38 En Jezus, opgestaan zijnde uit de synagoge, ging in het huis van Simon; en Simons vrouws moeder was met een grote koorts bevangen, en zij baden Hem voor haar.
Ie nienga i fitontonañey t’Iesoà, le nizilik’ añ’anjomba’ i Simona ao. Niremboremboe’ ty hamae-sandriñe ty rene’ i vali’ i Simonay le nihalalia’ iareo ty ama’e.
39 En staande boven haar, bestrafte Hij de koorts, en de koorts verliet haar; en zij van stonde aan opstaande, diende henlieden.
Aa le nijohañe ambone’e eo re nitrevoke i hasilokey, vaho nisitak’amy rekambay zay; tsipaepae’e nitroatse re niatrake iareo.
40 En als de zon onderging, brachten allen, die kranken hadden, met verscheidene ziekten bevangen, die tot Hem, en Hij leide een iegelijk van hen de handen op, en genas dezelve.
Ie nimotak’àndro, le nen­deseñe ze nanañe marare nisilofe’ndra inoñ’ inoñe mb’ ama’e mb’eo, naho songa nanampeza’e fitàñe vaho nampi­jangañe’e.
41 En er voeren ook duivelen uit van velen, roepende en zeggende: Gij zijt de Christus, de Zone Gods! En hen bestraffende, liet Hij die niet spreken, omdat zij wisten, dat Hij de Christus was.
Niakatse ami’ty maro ka o kokolampao nikoiake ty hoe: Ihe i Norizañe, Anan’Añaharey! Le nendaha’e vaho nafanto’e tsy hivolañe amy te napota’ iareo t’ie i Norizañey.
42 En als het dag werd, ging Hij uit, en trok naar een woeste plaats; en de scharen zochten Hem, en kwamen tot bij Hem, en hielden Hem op, dat Hij van hen niet zou weggaan.
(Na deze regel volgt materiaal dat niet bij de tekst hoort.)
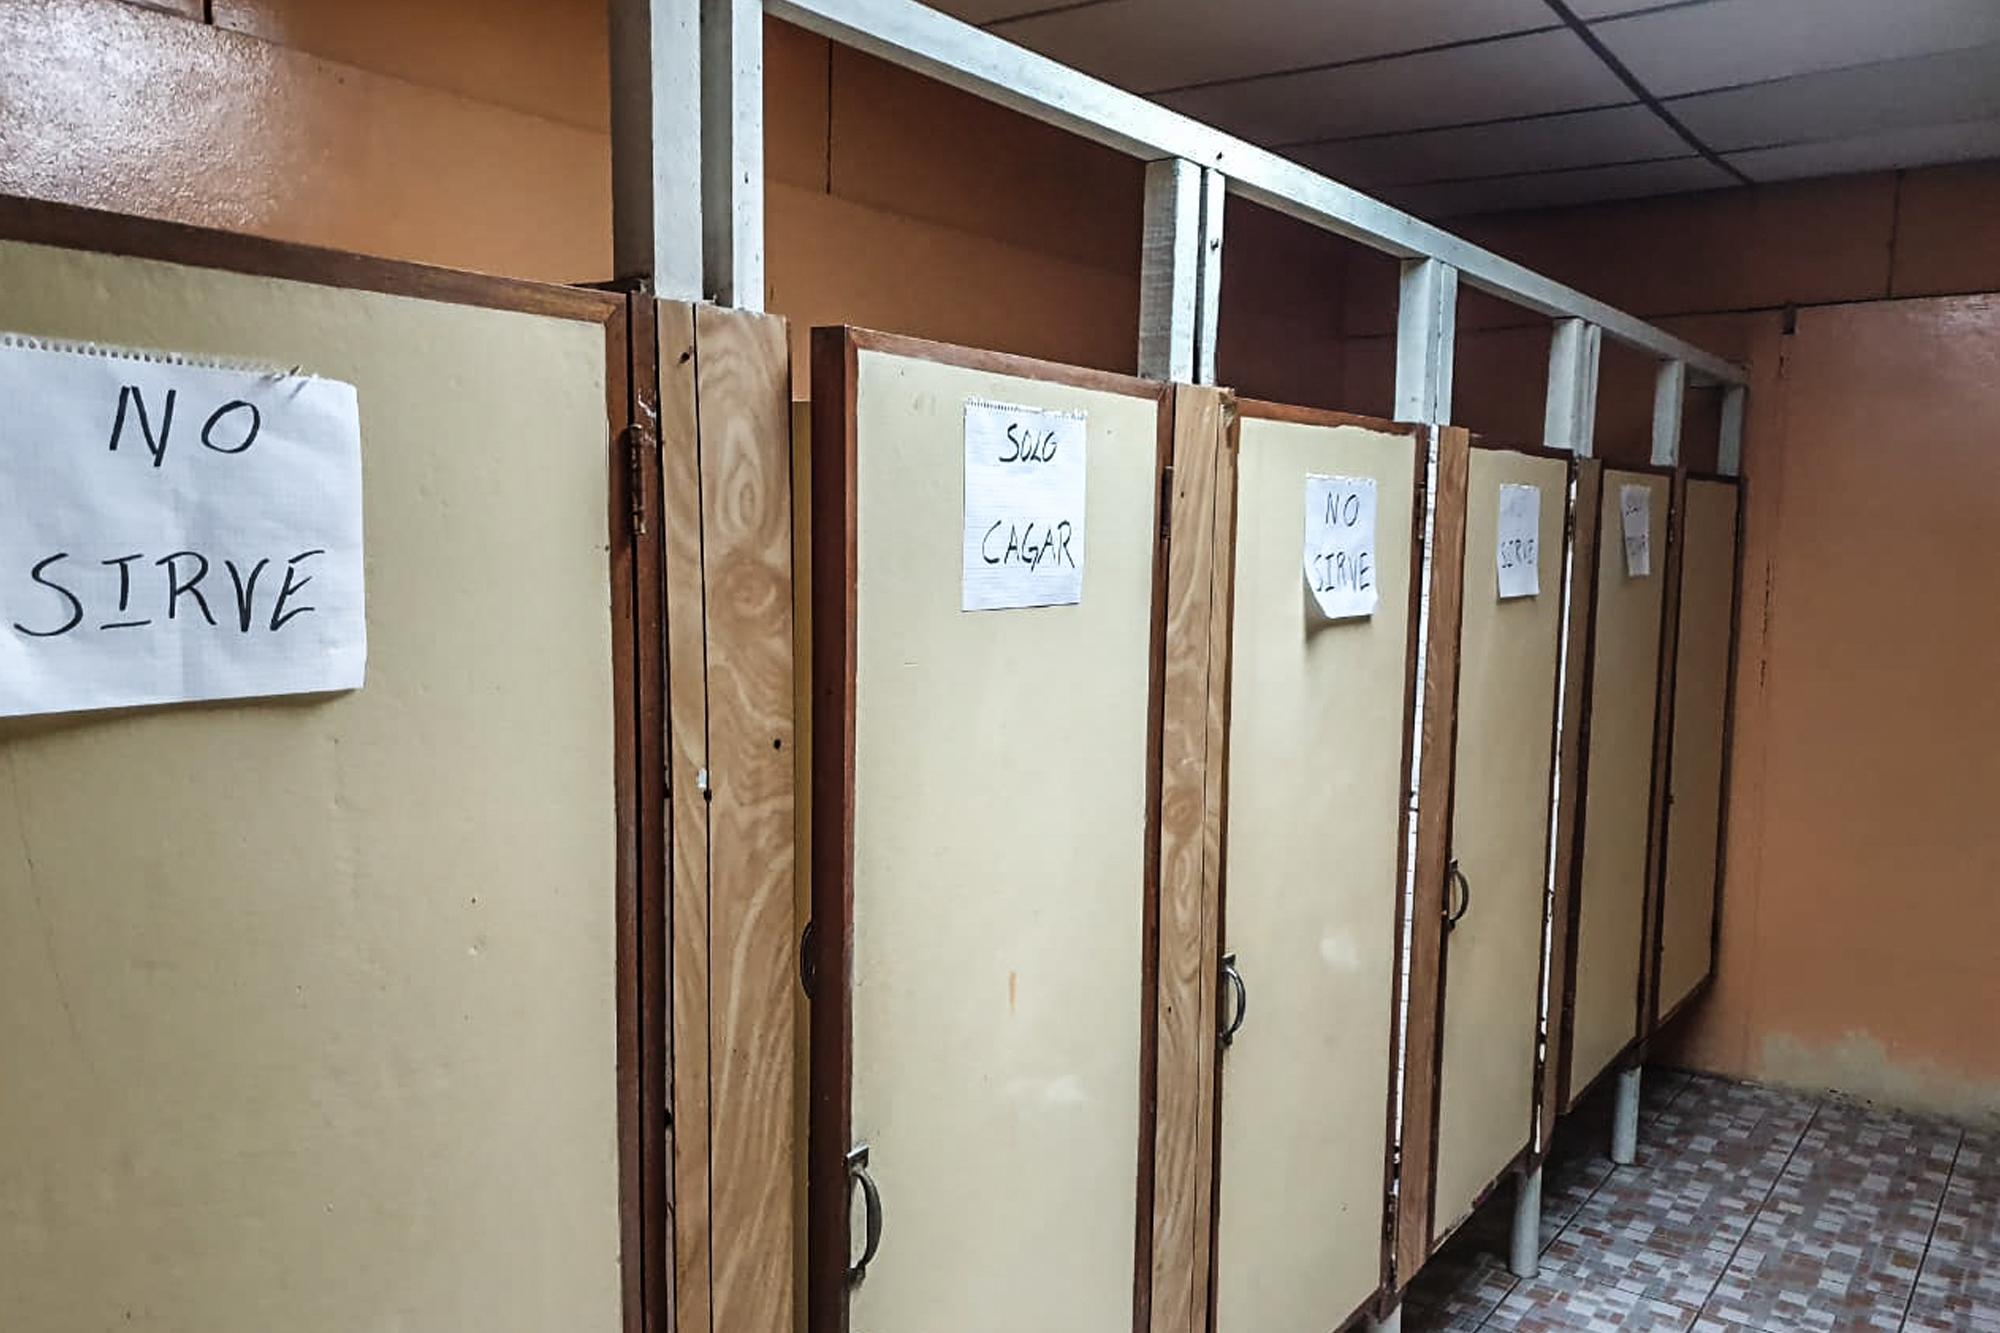 Signs read: “Out of order;” and “Shit Only.” The restroom in Villa Olímpica, a site lacking the appropriate amenities to shelter people. This facility continues to house detained Salvadorans accused of violating domestic quarantine. Image courtesy of the family.

Ie manjirik’ andro le nienga mb’ an-tane bangìñe mb’eo fe ni­tsoeha’ i lahialeñey, ie nomb’ ama’e mb’eo vaho ho nanjitse aze tsy hienga;
43 Maar Hij zeide tot hen: Ik moet ook anderen steden het Evangelie van het Koninkrijk Gods verkondigen; want daartoe ben Ik uitgezonden.
fe hoe re am’iereo: Tsy mahay tsy mitaroñe i Talili-soam-Pifehean’Añaharey an-drova ila’e ka iraho fa izay ty nañirahañ’ ahy.
44 En Hij predikte in de synagogen van Galilea.
Le nita­roñe amo fitontonañe e Galiliao re.